--- Records for this exercise Enclosed Below ---

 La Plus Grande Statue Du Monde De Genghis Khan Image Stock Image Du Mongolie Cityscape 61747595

--- End of Enclosed Records for this exercise ---
--- Records for this exercise Enclosed Below ---

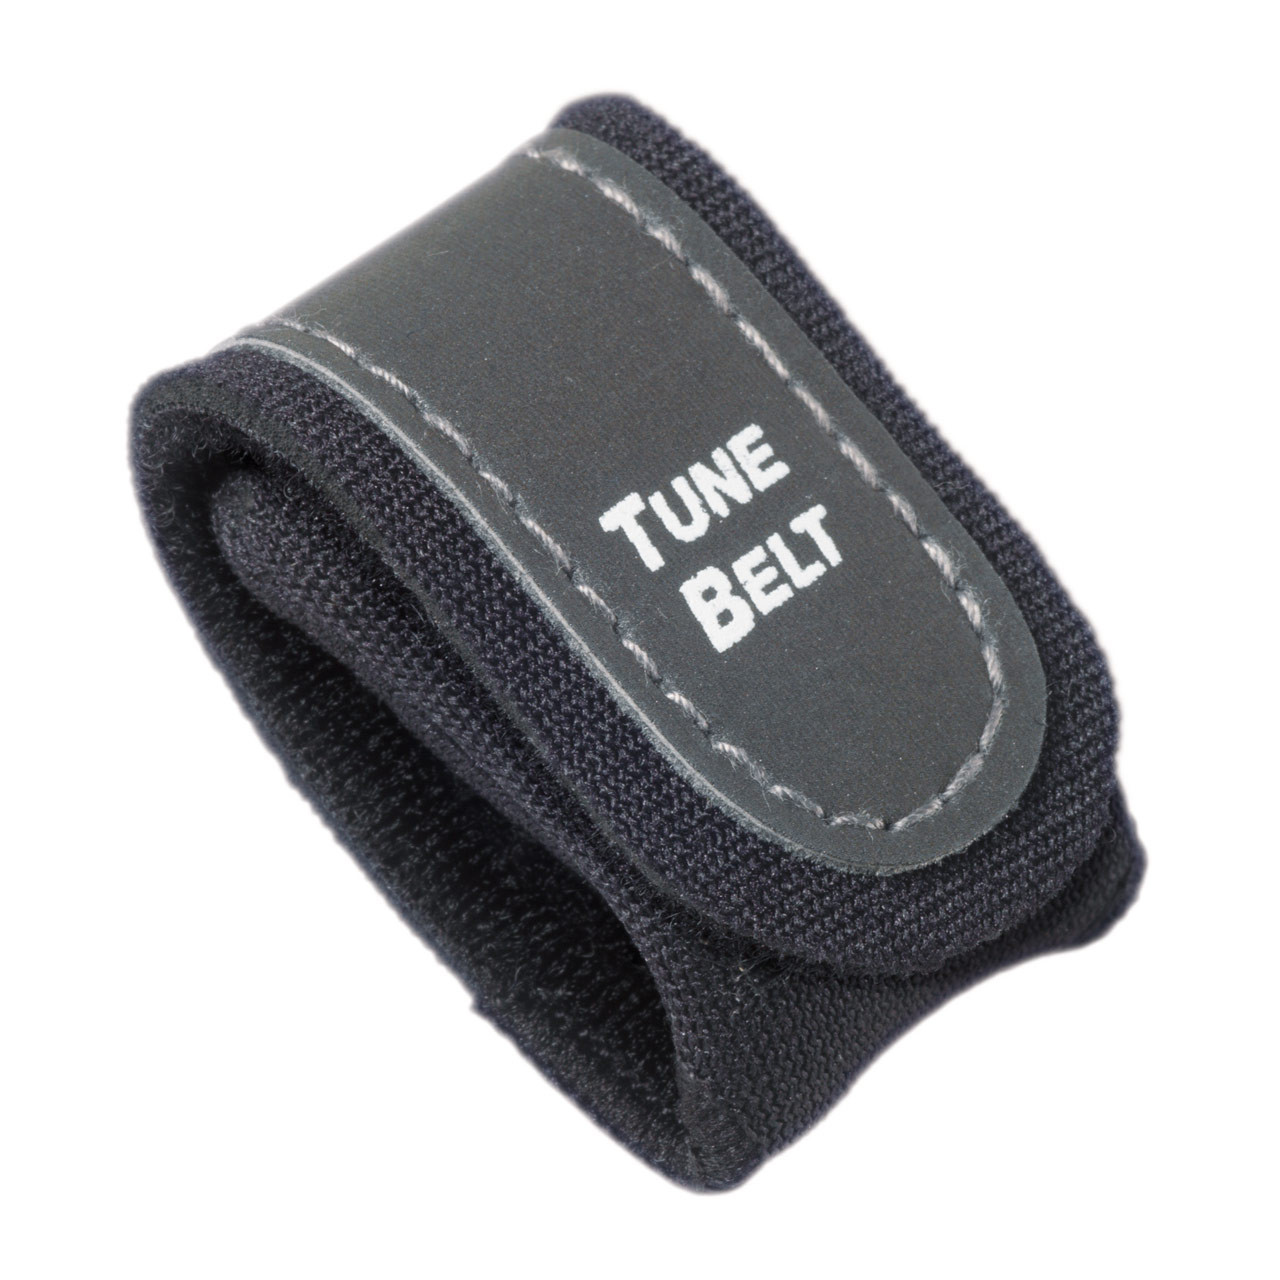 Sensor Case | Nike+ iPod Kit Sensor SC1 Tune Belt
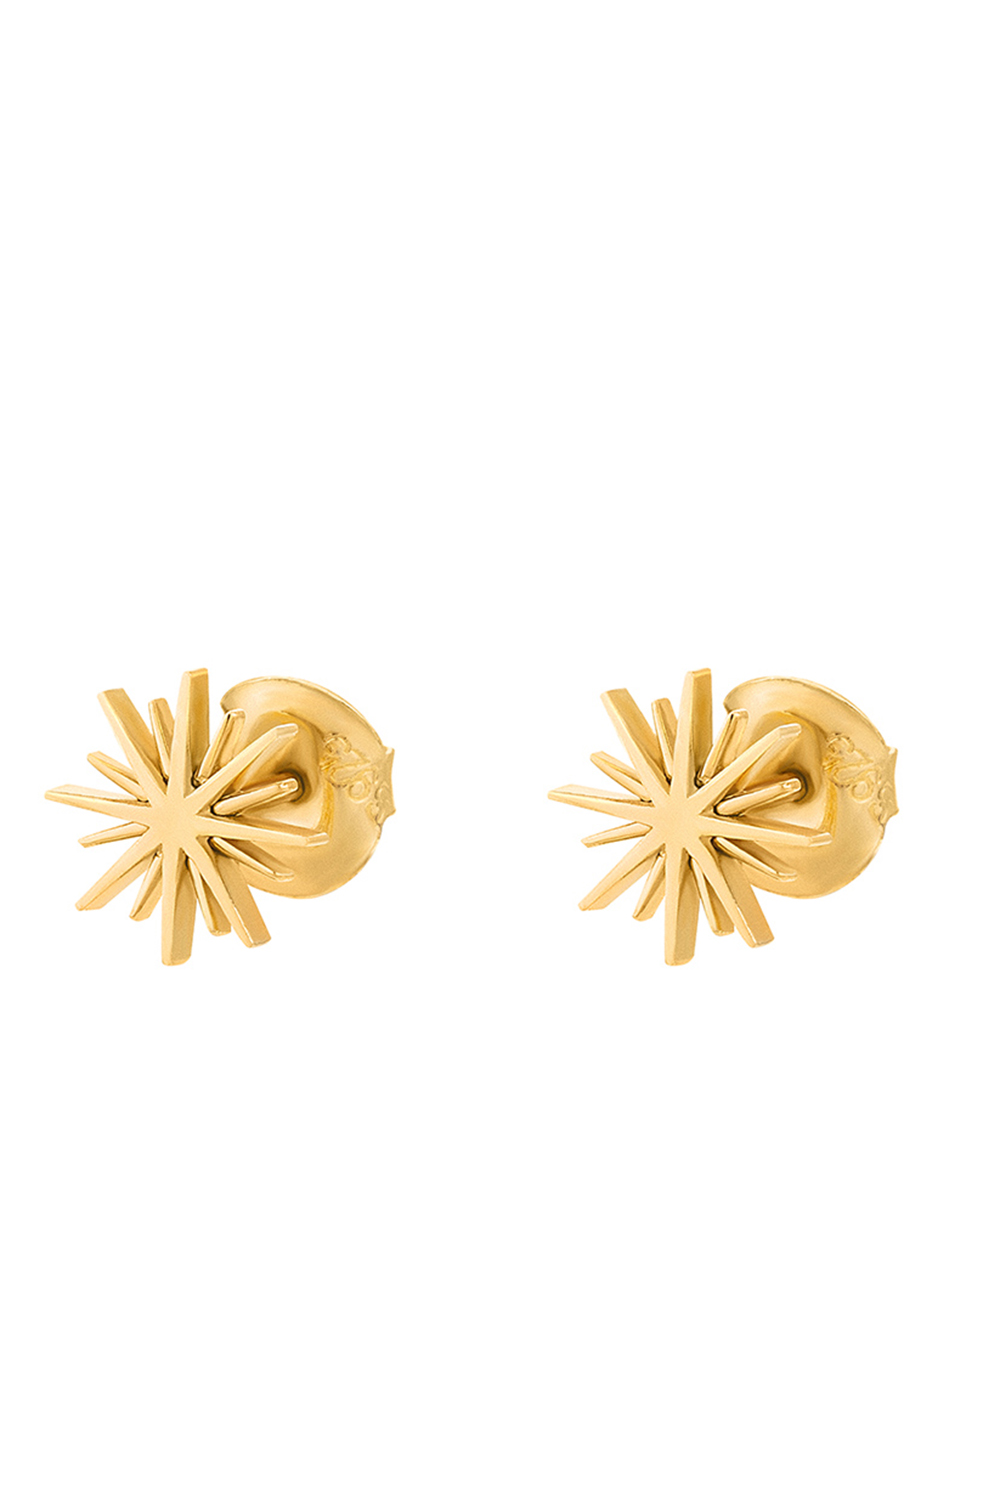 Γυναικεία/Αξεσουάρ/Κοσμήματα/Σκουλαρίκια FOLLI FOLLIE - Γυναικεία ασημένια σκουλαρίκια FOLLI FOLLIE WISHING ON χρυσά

--- End of Enclosed Records for this exercise ---

- **Activity**
Given the entries above, transcribe exactly the lines from the one holding "Sensor Case |" through the one holding "Γυναικεία/Αξεσουάρ/Κοσμήματα/Σκουλαρίκια FOLLI FOLLIE"; pictures do not belong in the transcription.

- **Response to the task**
 Sensor Case | Nike+ iPod Kit Sensor SC1 Tune Belt
 Γυναικεία/Αξεσουάρ/Κοσμήματα/Σκουλαρίκια FOLLI FOLLIE - Γυναικεία ασημένια σκουλαρίκια FOLLI FOLLIE WISHING ON χρυσά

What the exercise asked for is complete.